GitHub - raceli/ccard-lib: C library for estimating cardinality in streams for which it is infeasible to store all events in memory

C library for estimating cardinality in data streams, in which case it is infeasible to store all events in memory.

This library implements a series of cardinality estimating algorithms such as Linear Counting, LogLog Counting, HyperLogLog Counting and Adaptive Counting. For more information about these algorithms please read the Reference section.
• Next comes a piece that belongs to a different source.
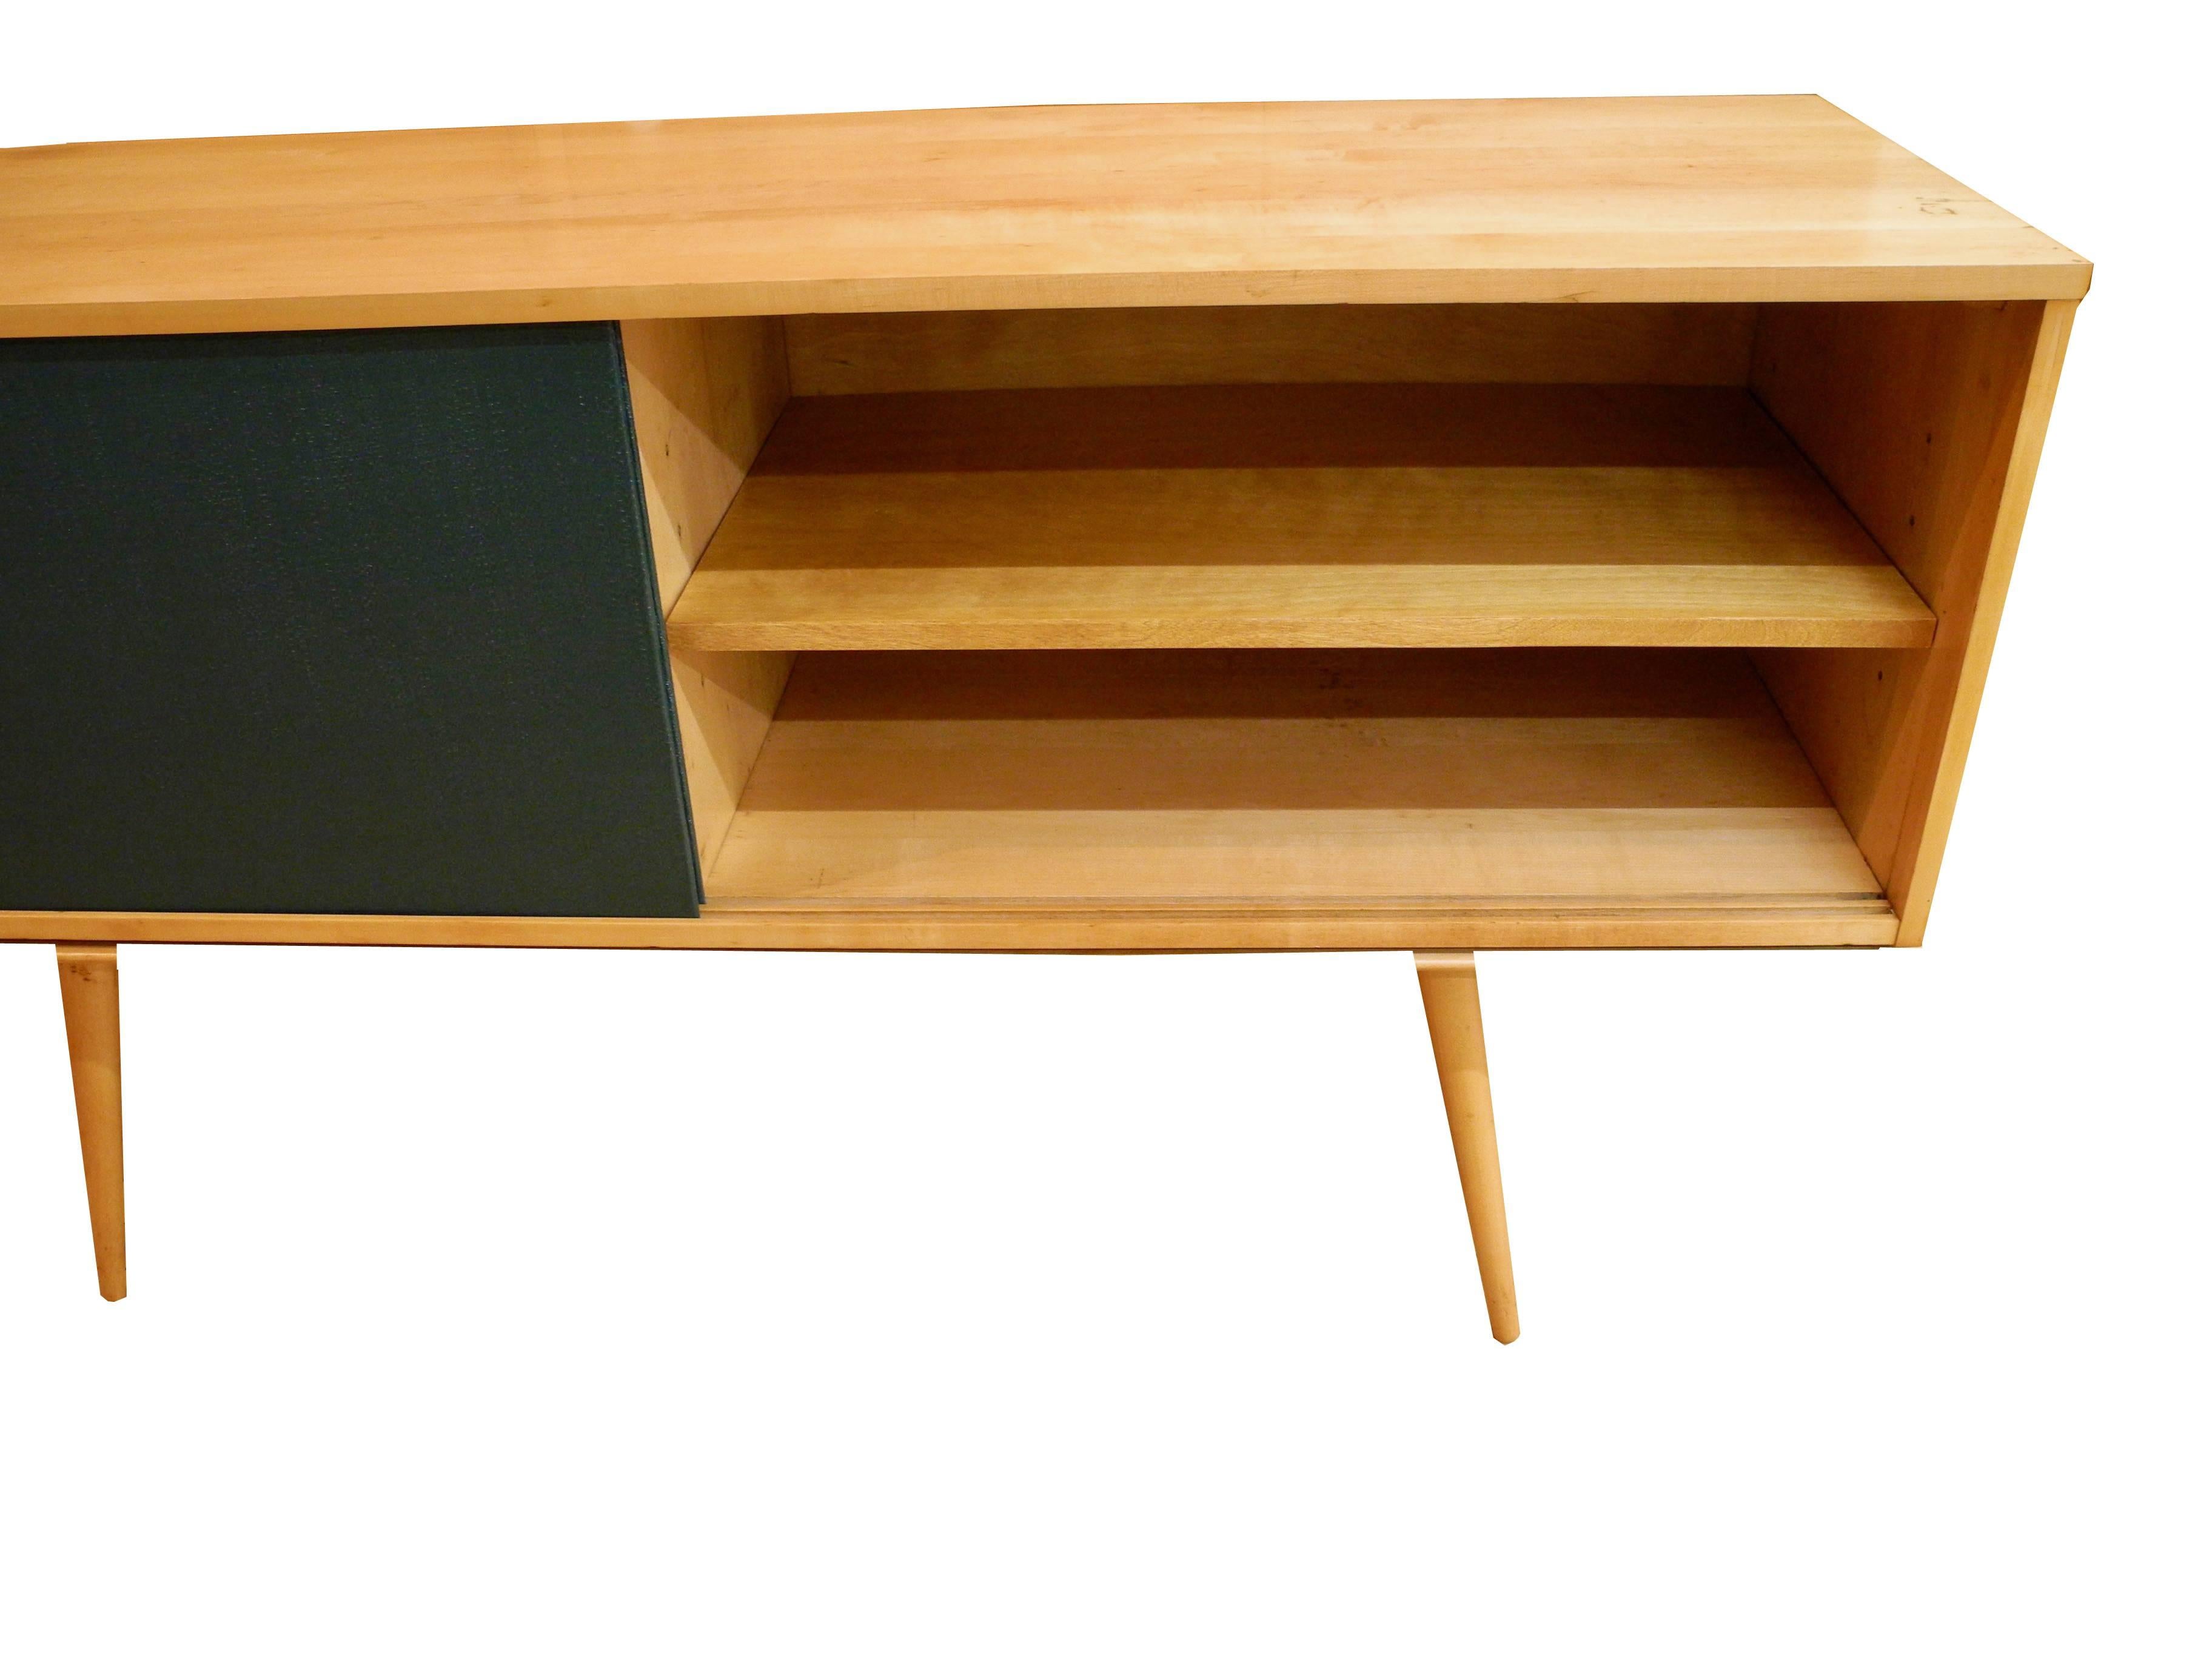 American Mid-Century Modern Maple Credenza / Sideboard Designed by Paul McCobb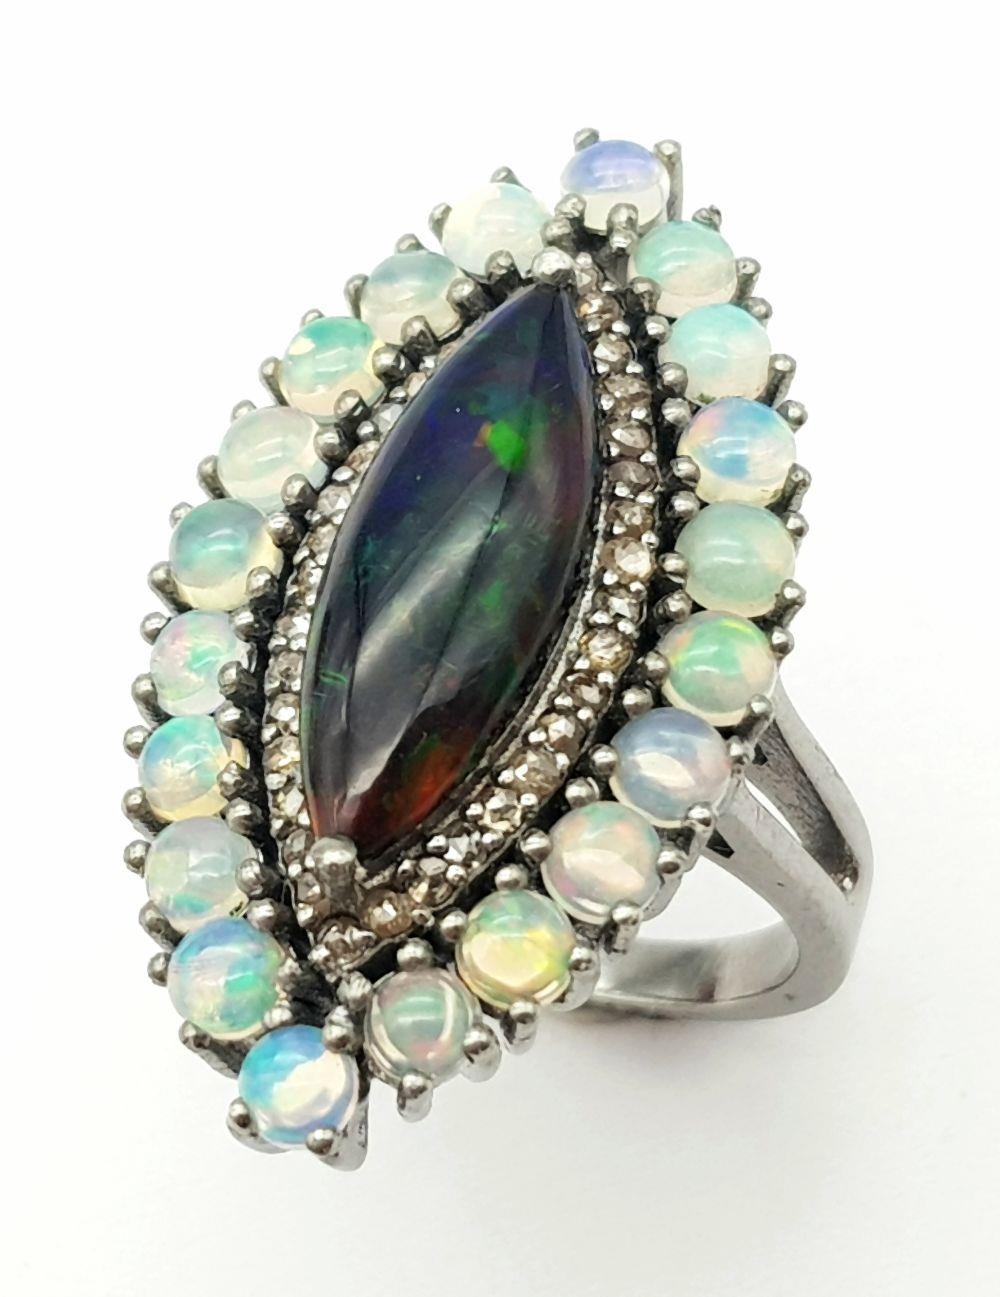 A 2ct Black Opal Marquise Shaped Ring with 1.80ctw White opal surround and .40ctw of Diamond

Building ccard-lib needs scons. Please read scons user guide for more information about it.

Building PHP extension of ccard-lib needs SWIG to be installed. Running unit-tests needs googletest to be installed.

Scons will build and install ccard-lib to your system.

By default ccard-lib will be installed at /usr/local/lib, if you want to change the install directory please replace the "libdir" setting in SConsturct file with your target directory.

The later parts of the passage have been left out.